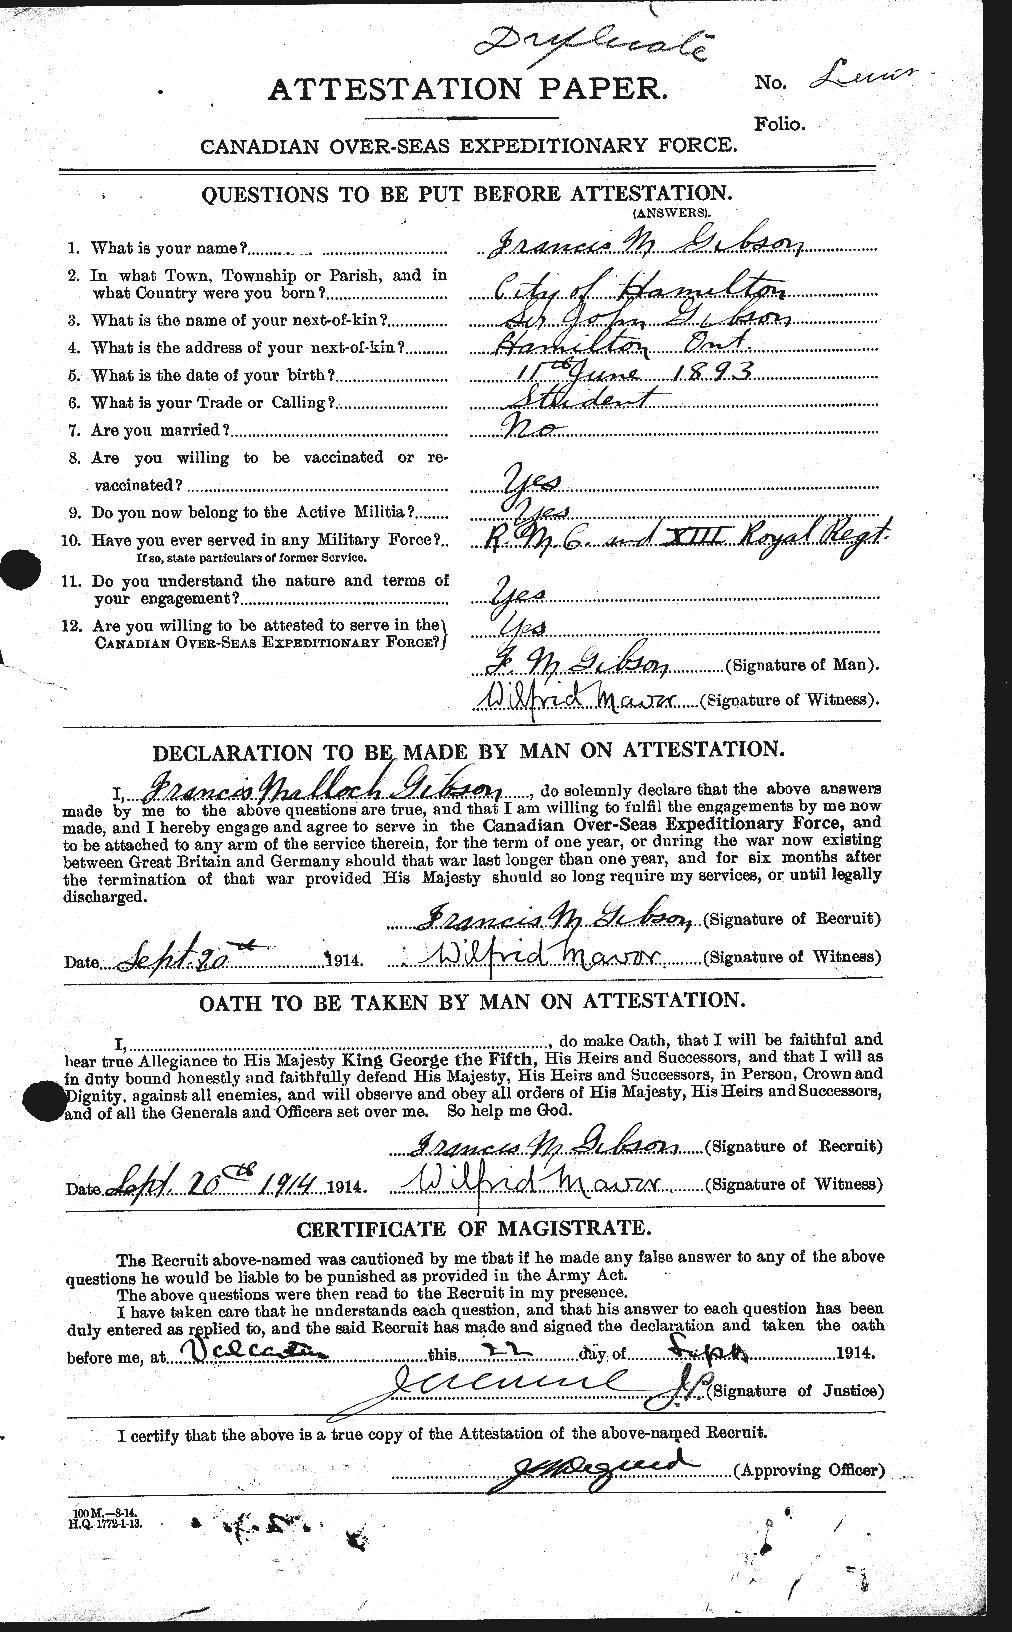 Dossiers du Personnel de la Première Guerre mondiale - CEC 347283a
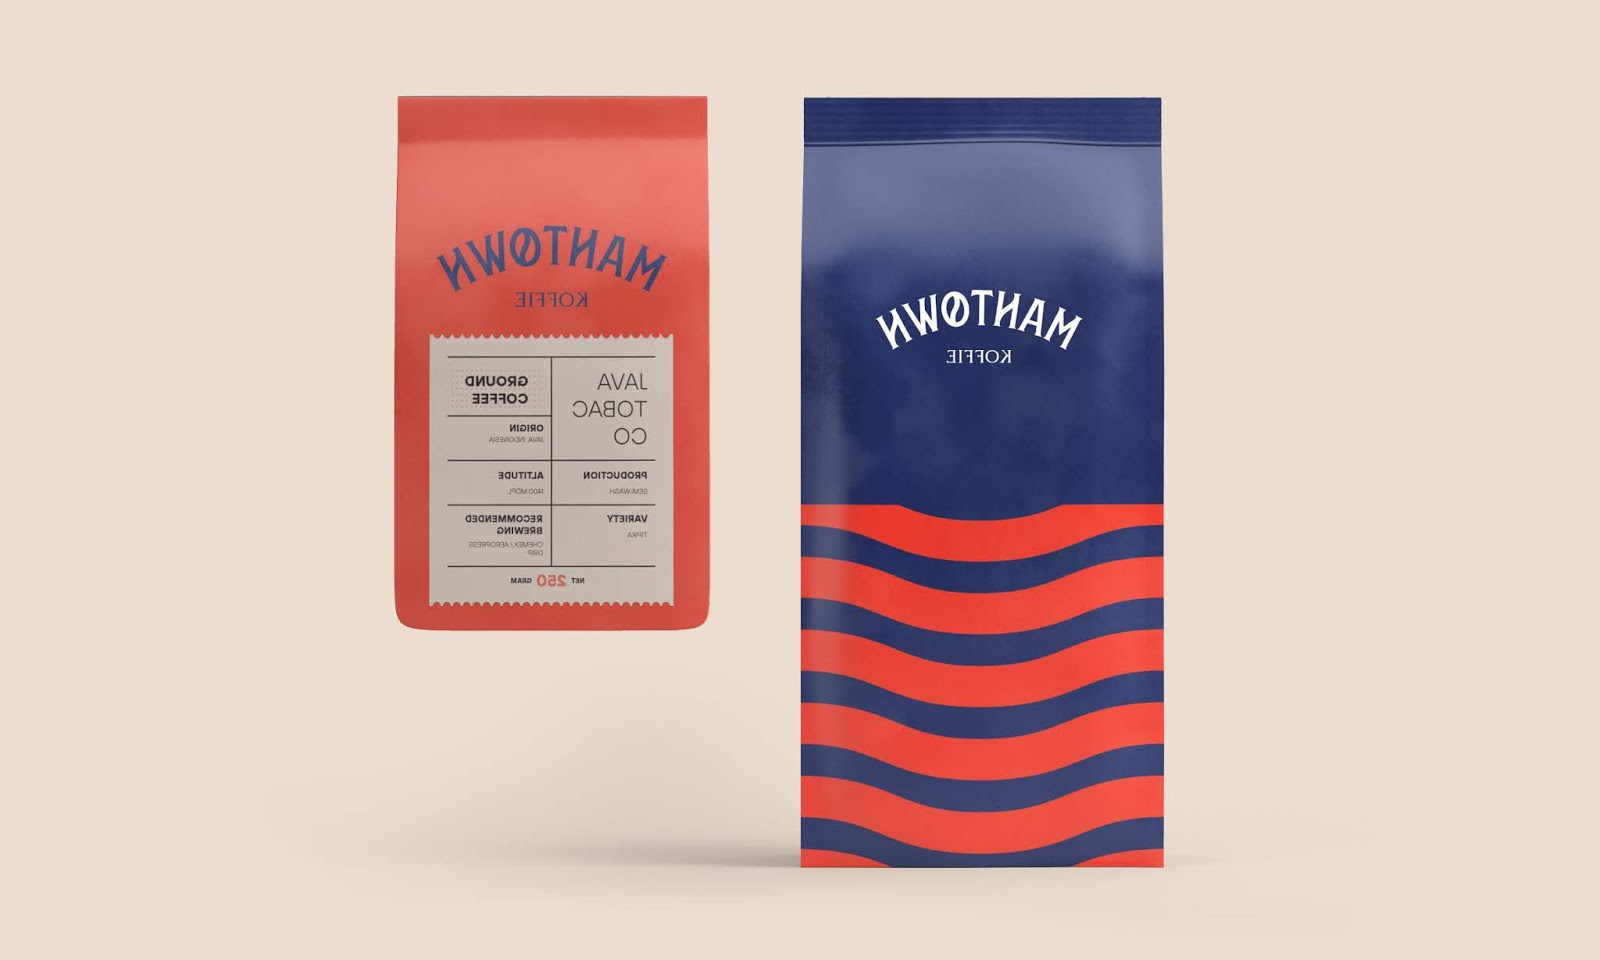 位于荷兰的工匠咖啡店品牌包装设计(图3)
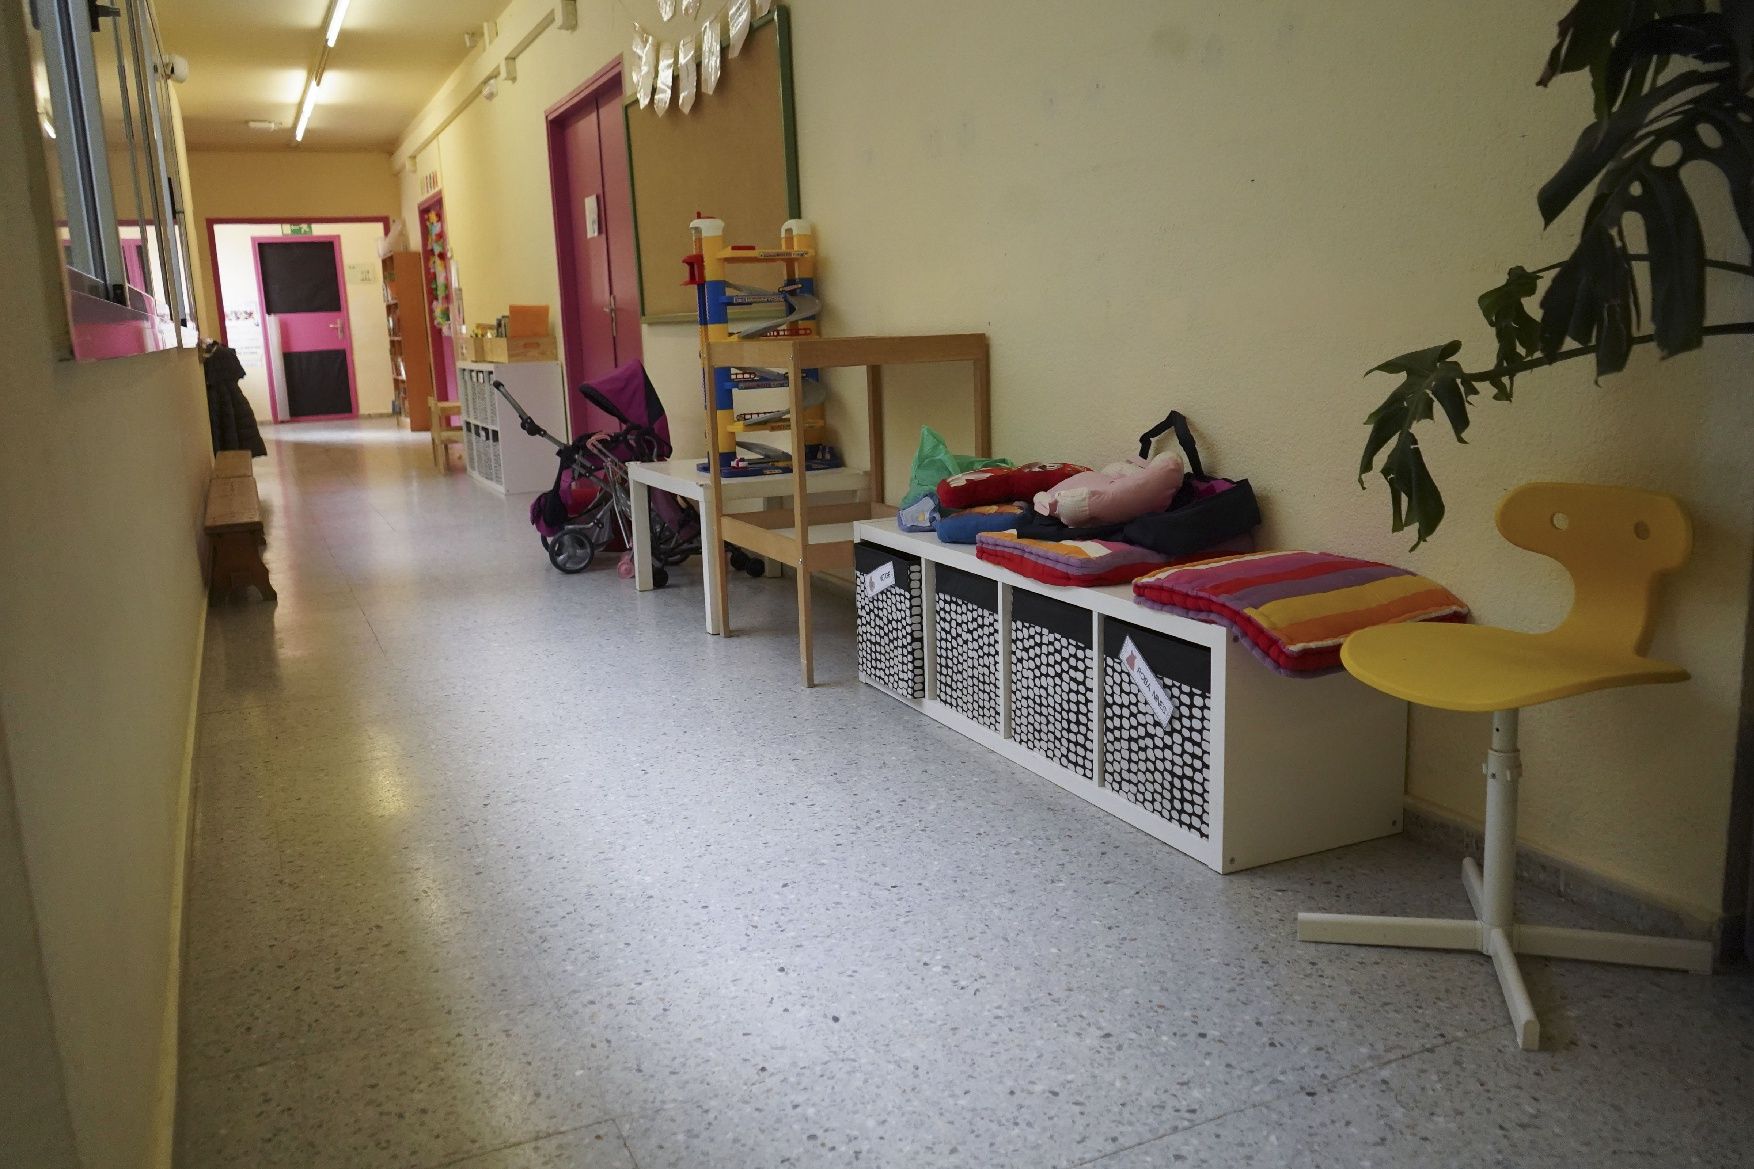 Prova de sirenes per risc químic de Protecció Civil a l'Escola Sant Vicenç de Castellet
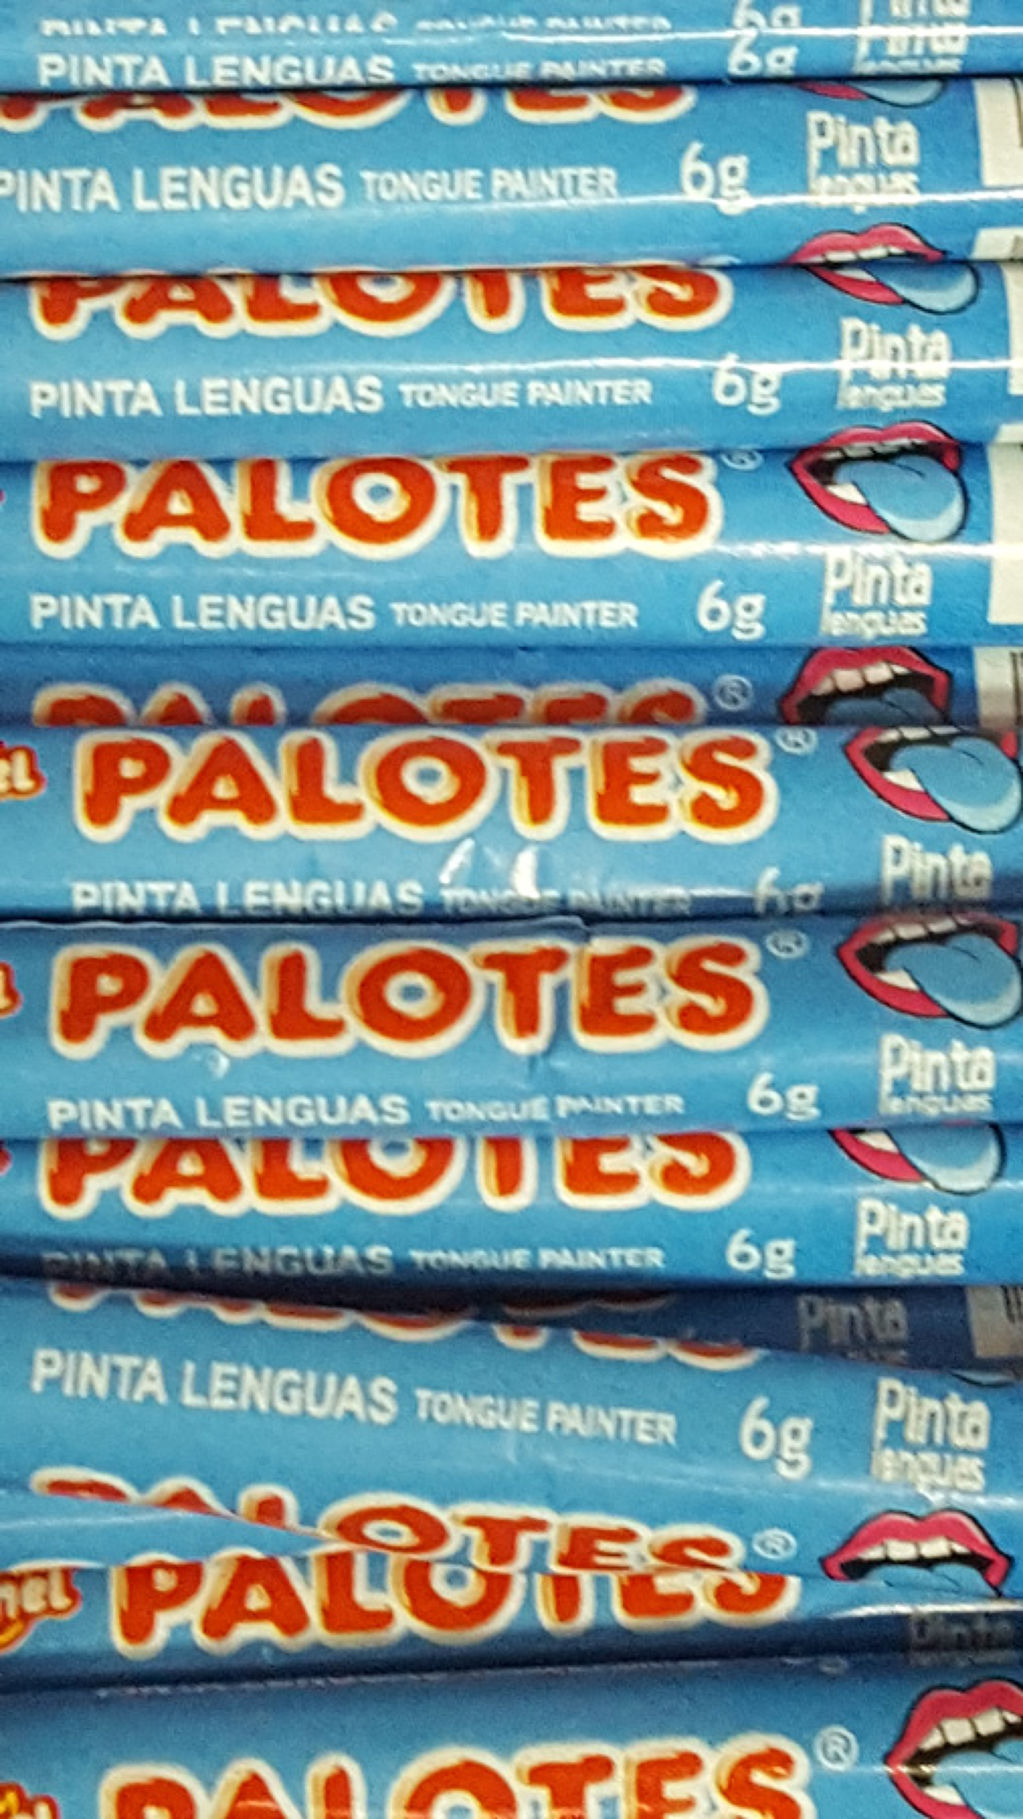 Palote Pinta lengua - 7fd19-20200509_082430.jpg

===

# WHAT IS NEEDED
If pictures appear in the data, omit them and copy all other parts exactly.

# EXERCISE RESULT
 Dossiers du Personnel de la Première Guerre mondiale - CEC 347283a
 位于荷兰的工匠咖啡店品牌包装设计(图3)
 Prova de sirenes per risc químic de Protecció Civil a l'Escola Sant Vicenç de Castellet
 Palote Pinta lengua - 7fd19-20200509_082430.jpg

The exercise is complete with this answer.